------ Collected material

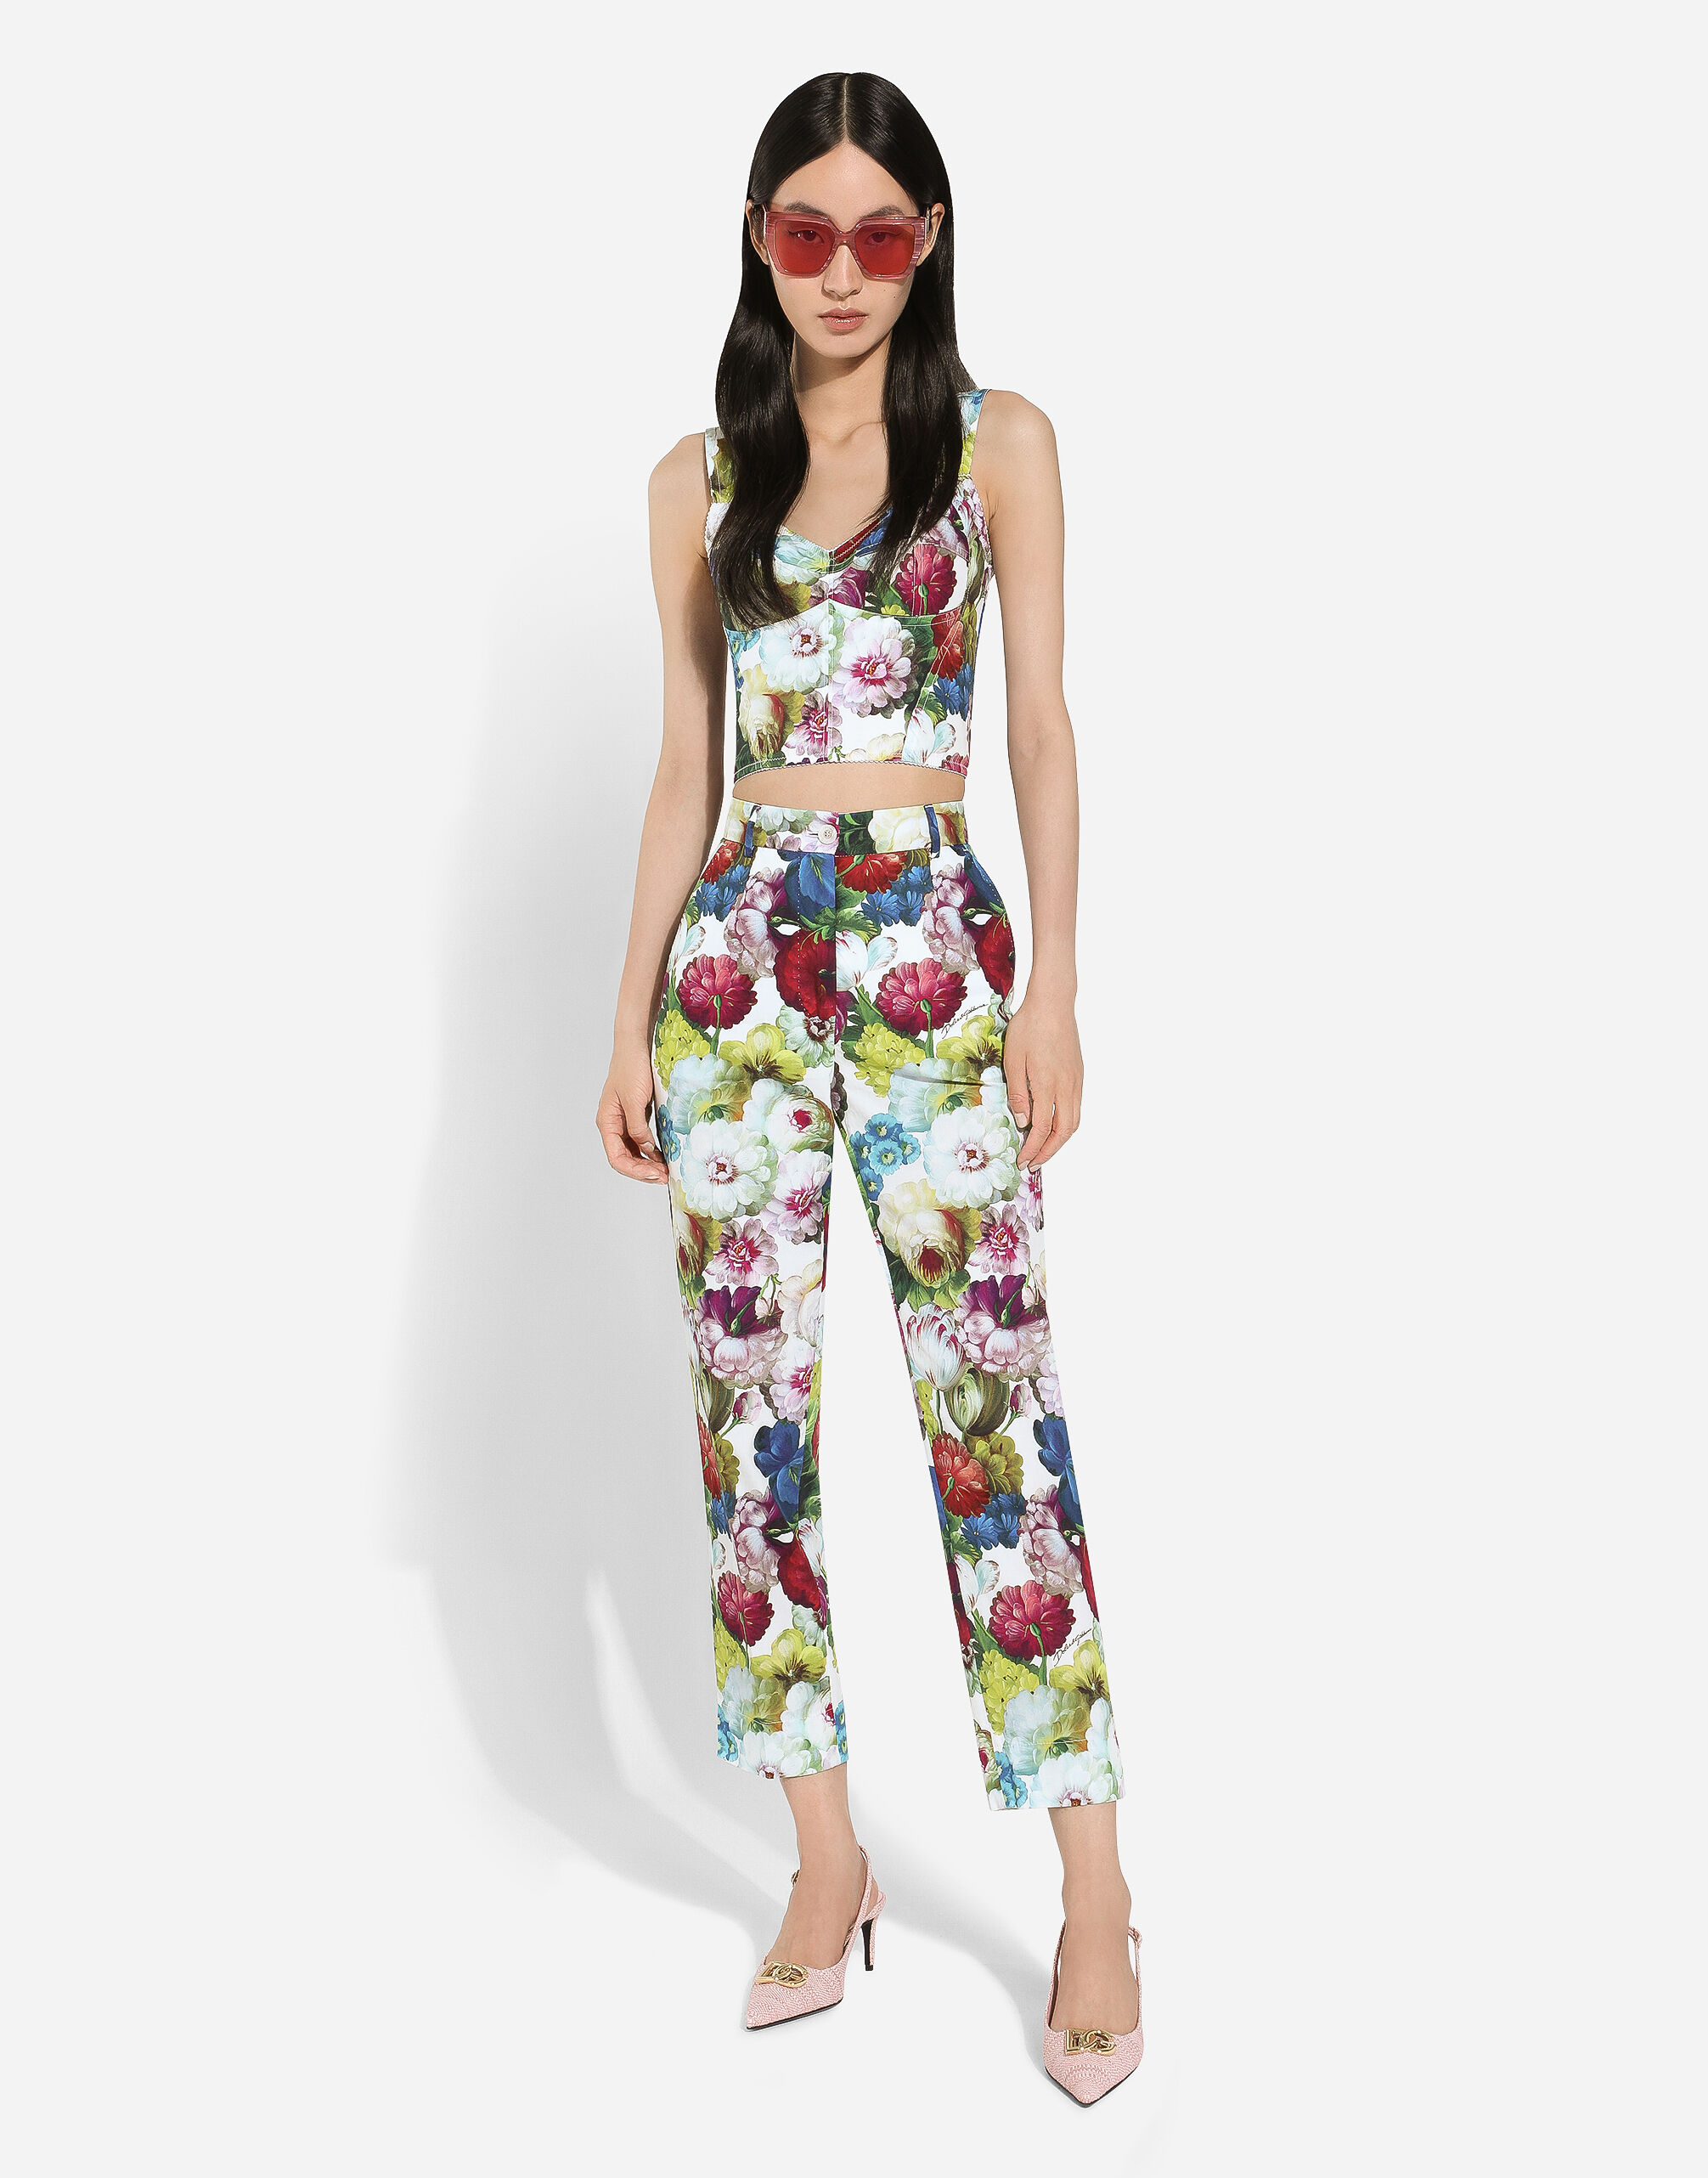 Flower Power Floral Flare Pants | Funky outfits, Hippie outfits, Funky pants
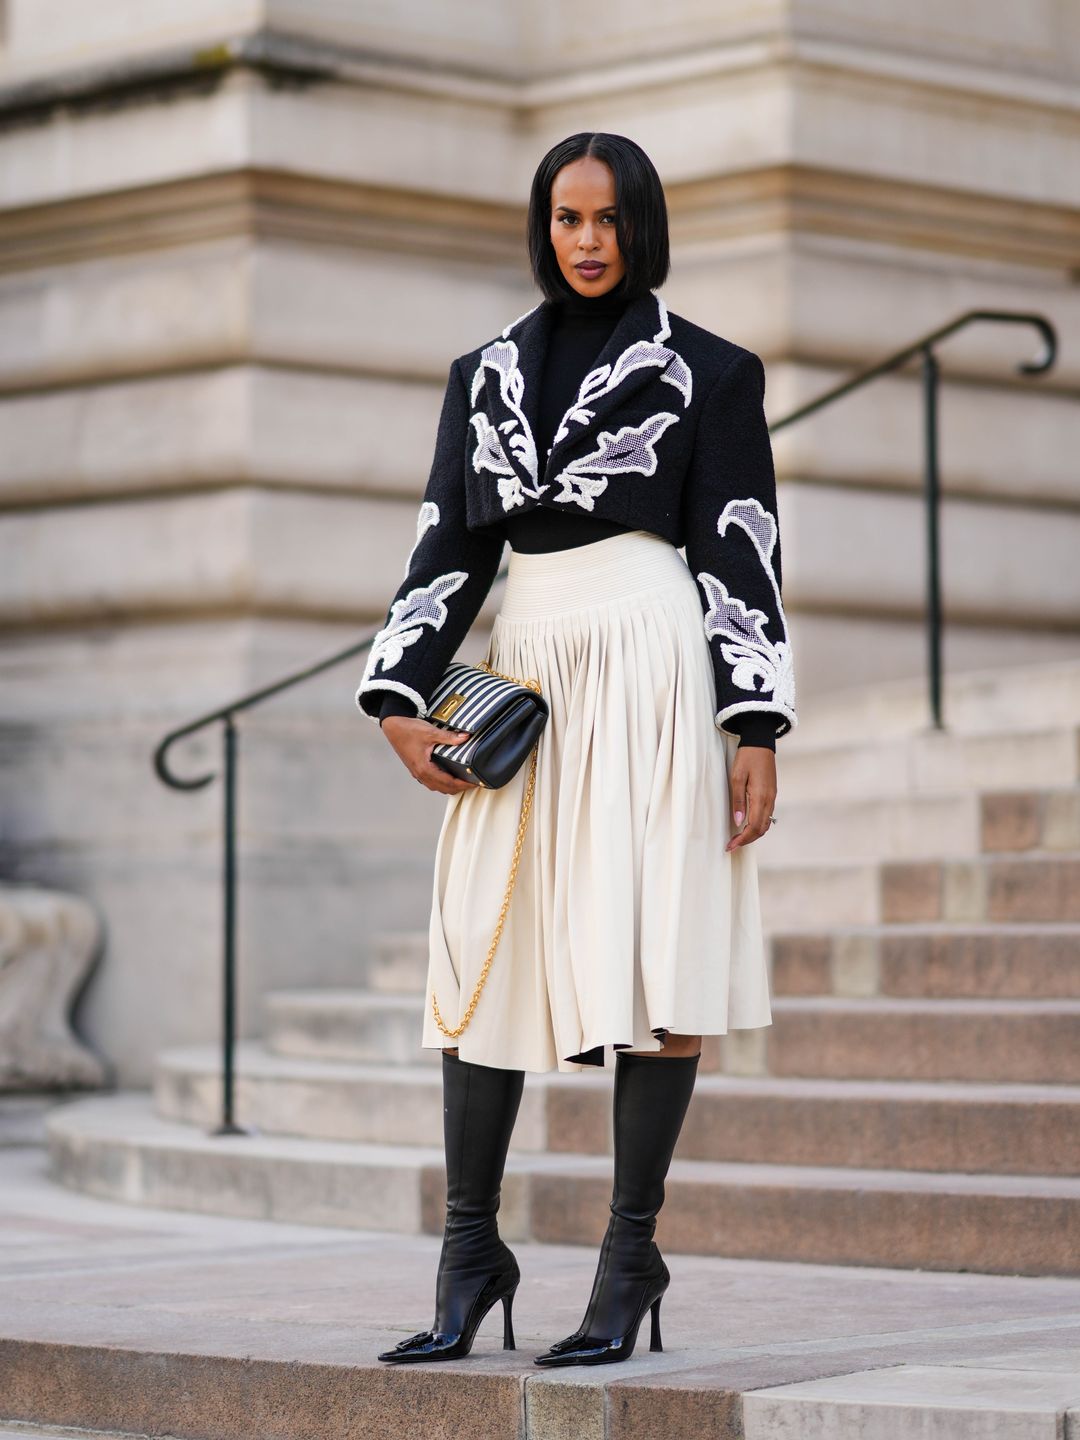 Sabrina Elba wearing a black embroidered jacked with a cream pleated skirt 
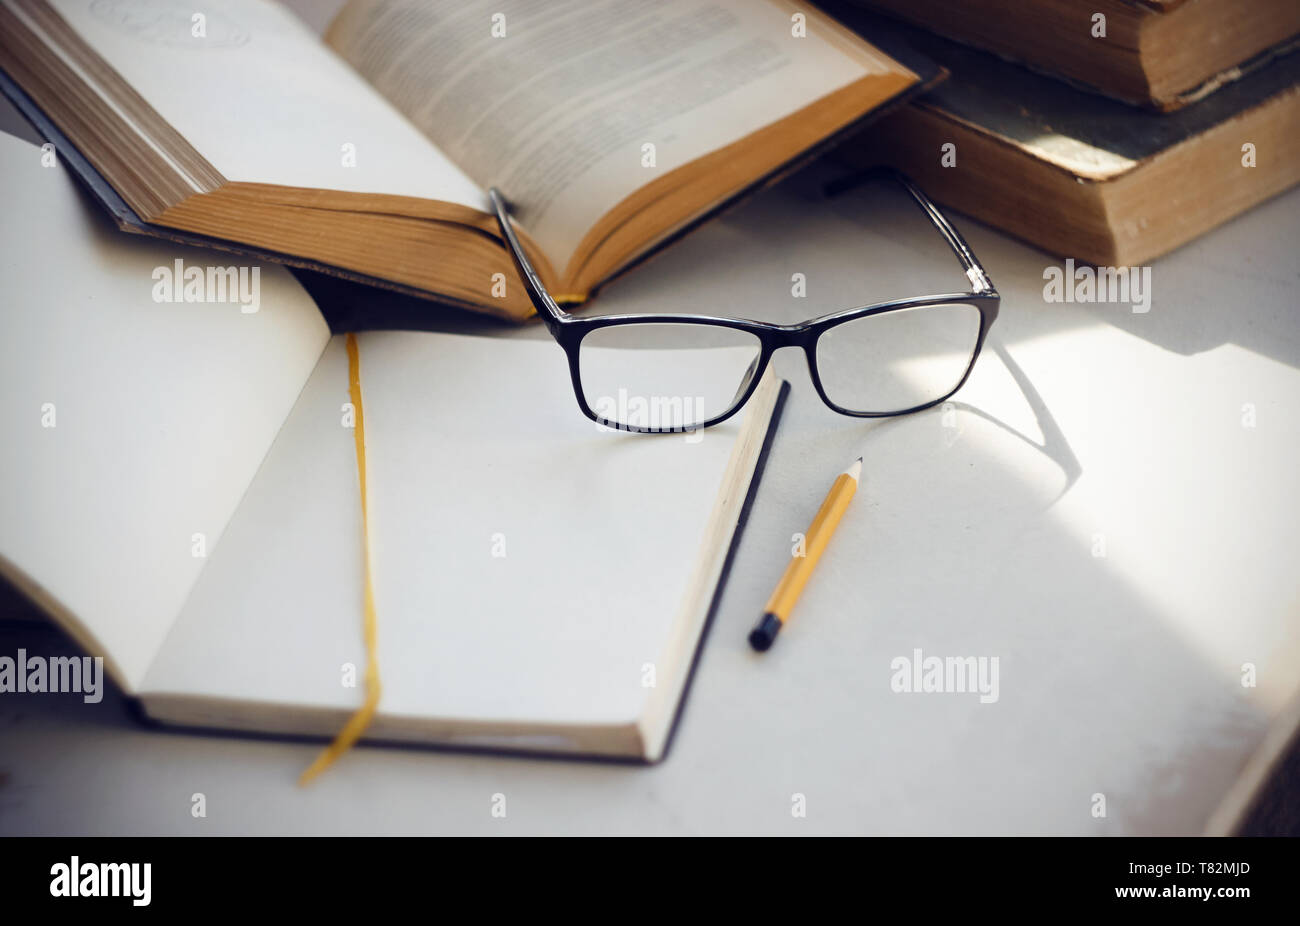 Items needed for scientific research: ancient encyclopedias, a notebook with a yellow bookmark , glasses, a yellow pencil and an open book with inform Stock Photo

------------

Your assignment: Output the material word for word, omitting its pictures.

Exercise output:
 Flower Power Floral Flare Pants | Funky outfits, Hippie outfits, Funky pants
 Sabrina Elba wearing a black embroidered jacked with a cream pleated skirt 
 Items needed for scientific research: ancient encyclopedias, a notebook with a yellow bookmark , glasses, a yellow pencil and an open book with inform Stock Photo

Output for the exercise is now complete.